Riemannian Geometry IV
Epiphany 2012
| Textbooks: | The content of the course can be found in any standard textbook on Riemannian Geometry, e.g. |
- M. Do Carmo, Riemannian Geometry.
- S. Gallot, D. Hulin, J. Lafontaine, Riemannian Geometry.
- J. Lee, Riemannian manifolds: an introduction to curvature.
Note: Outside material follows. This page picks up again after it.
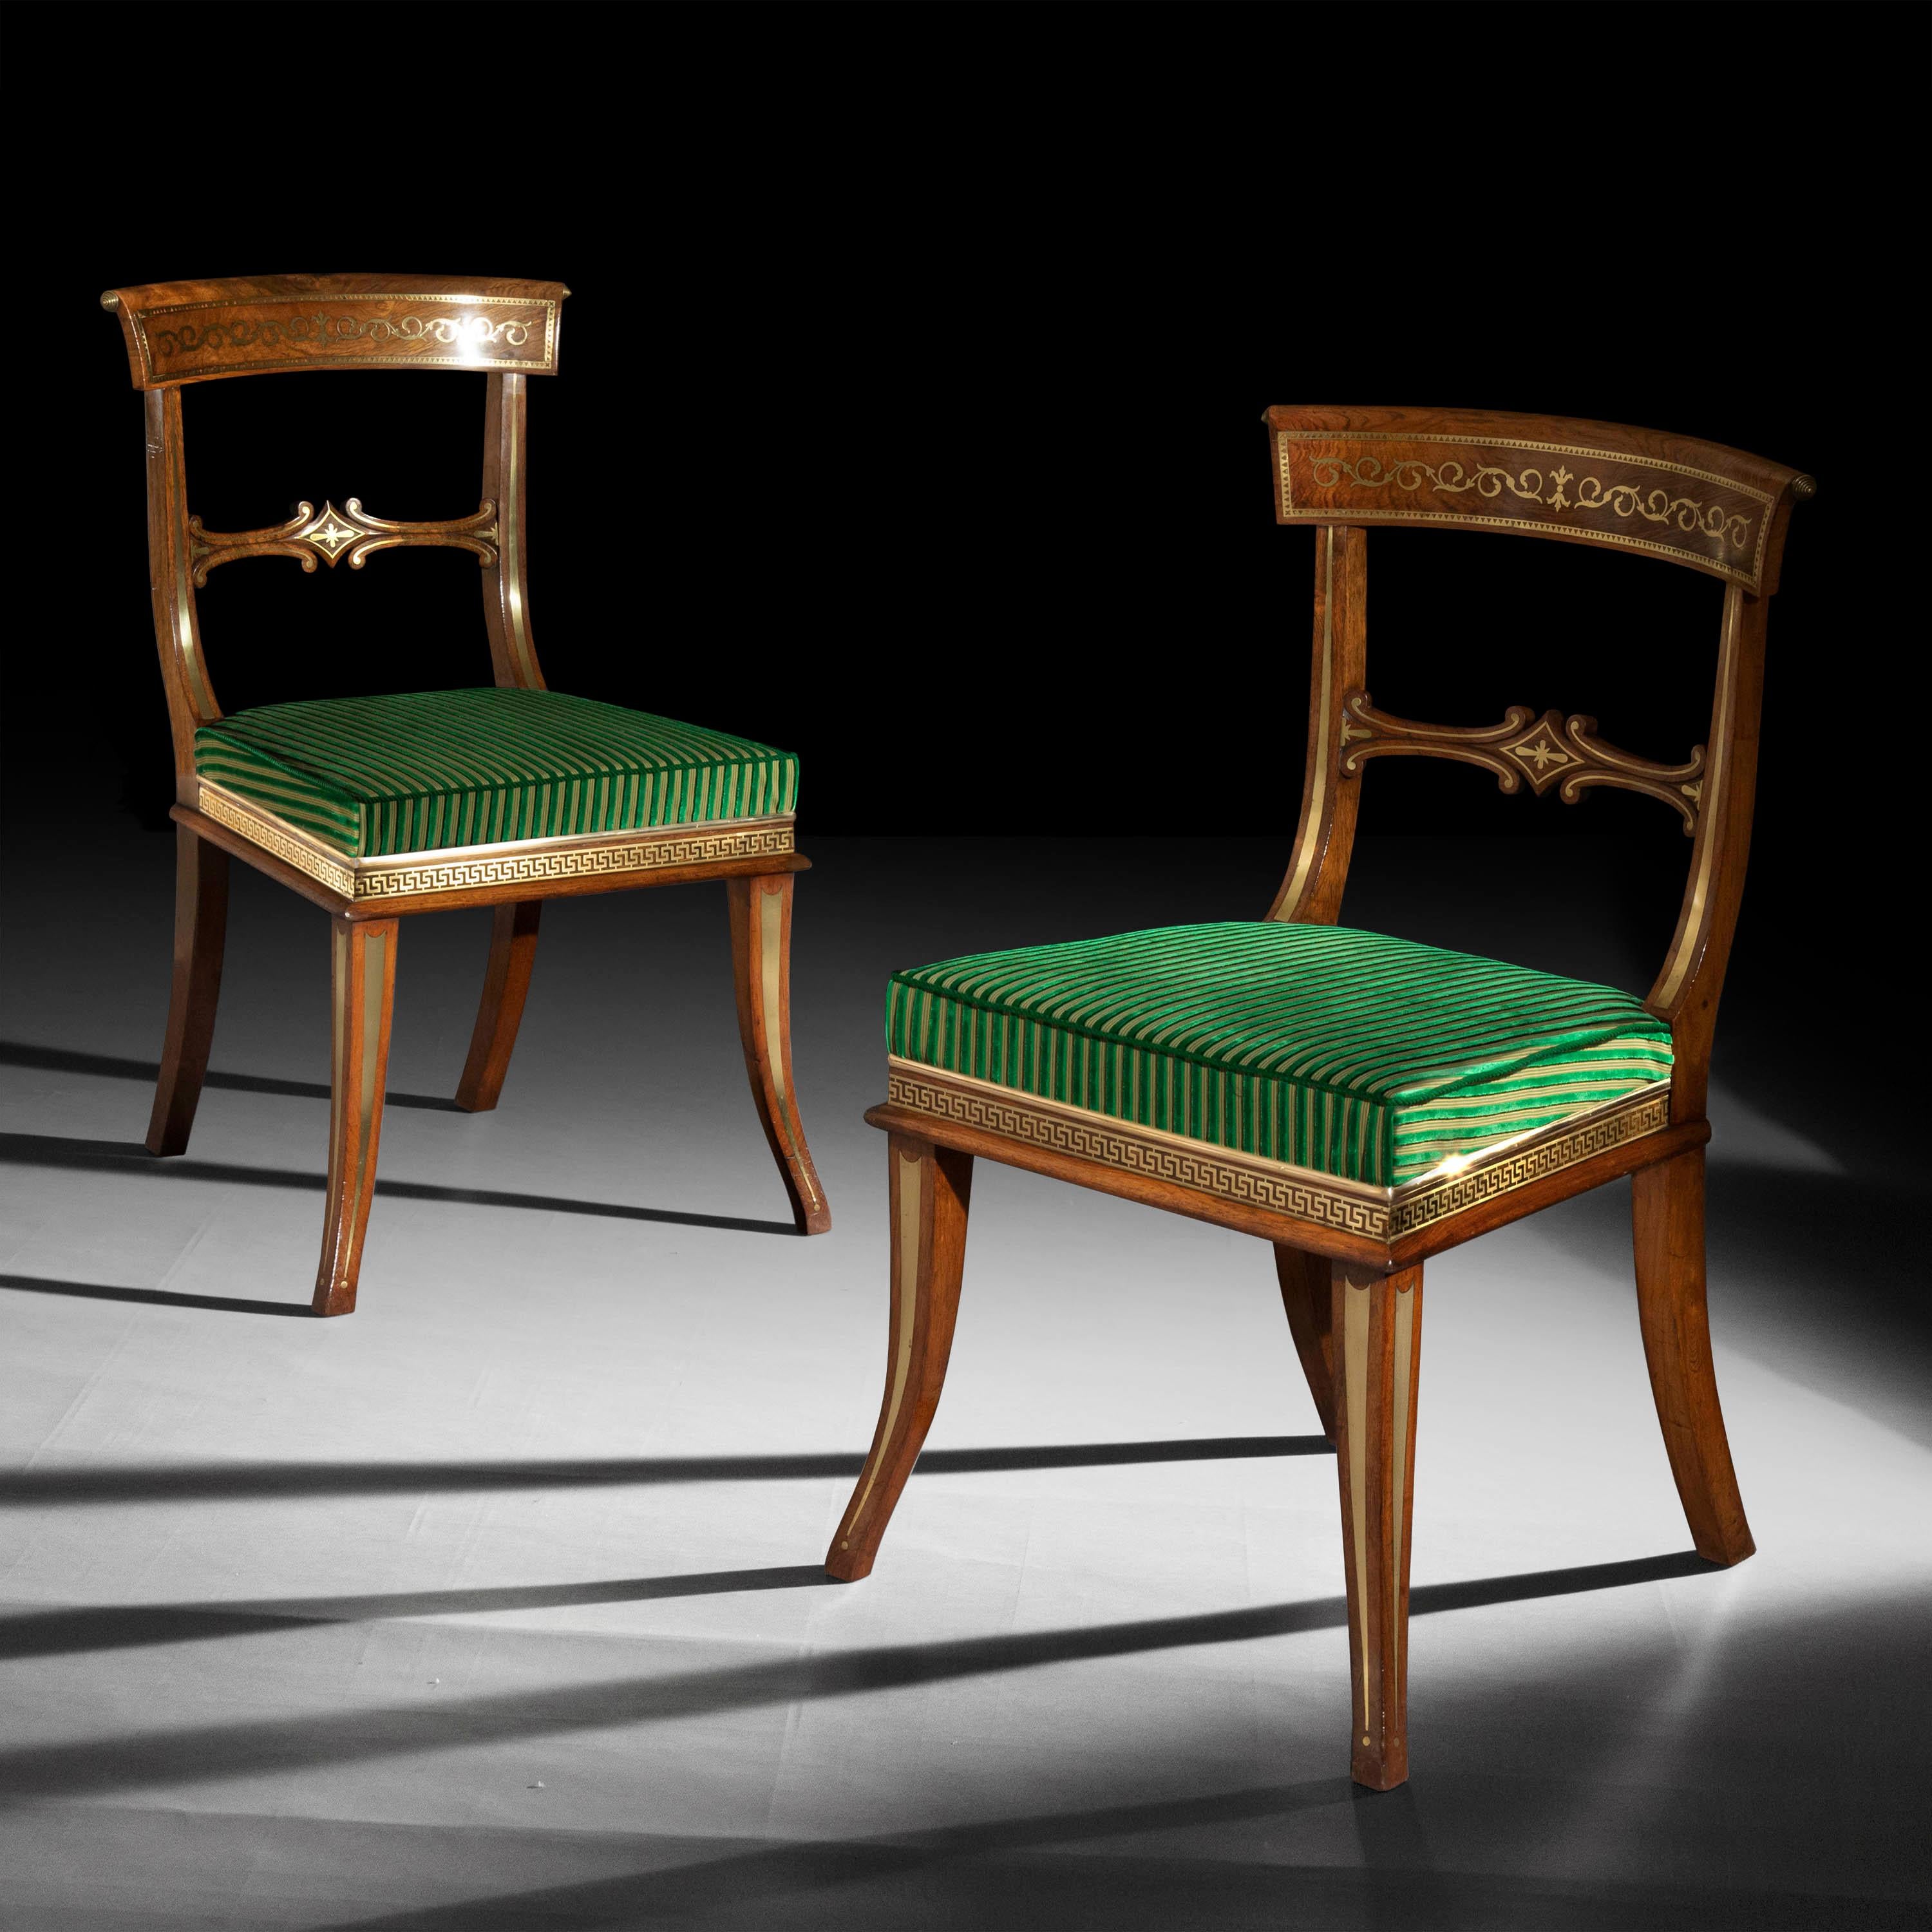 An exceptional pair of Regency period chairs, of well-shaped 'Klismos' outline and rare generous proportions, attributed to George Oakley of Bond Street. London, circa 1810. 

Four pairs available: to purchase a set 8 eight chairs, please, select

- P. Petersen, Riemannian Geometry.
Preliminary course content (subject to change):
Geodesics as length minimizing curves, exponential map, the Gauss lemma; geodesically complete Riemannian manifolds and Hopf-Rinow theorem; Riemannian curvature tensor, Ricci curvature, sectional curvature and scalar curvature; manifolds of positive curvature and Bonnet-Myers theorem; manifolds of nonpositive curvature and Hadamard-Cartan theorem.
Schedule:
Week 11: Overview of the first half of the course; variations of curves, length and energy, symmetry lemma
Week 12: The first variational formula of length, geodesics as critical points of length functional; exponential map, Gauss lemma
Week 13: Proof of Gauss lemma, geodesic balls; geodesically complete metric spaces, Hopf-Rinow Theorem
Week 14: Riemann curvature tensor and its properties; sectional curvature
Week 15: Sectional curvature: examples; Ricci and scalar curvature
Week 16: The second variational formula of length, Bonnet-Myers theorem
Week 17: Jacobi fields and conjugate points
Week 18: Orthogonal Jacobi fields; theorem of Hadamard-Cartan
Week 19: The sphere theorem, spaces of constant curvature, comparison triangles, theorem of Alexandrov-Toponogov
Homeworks: There will be weekly homework assignments starting from week 12.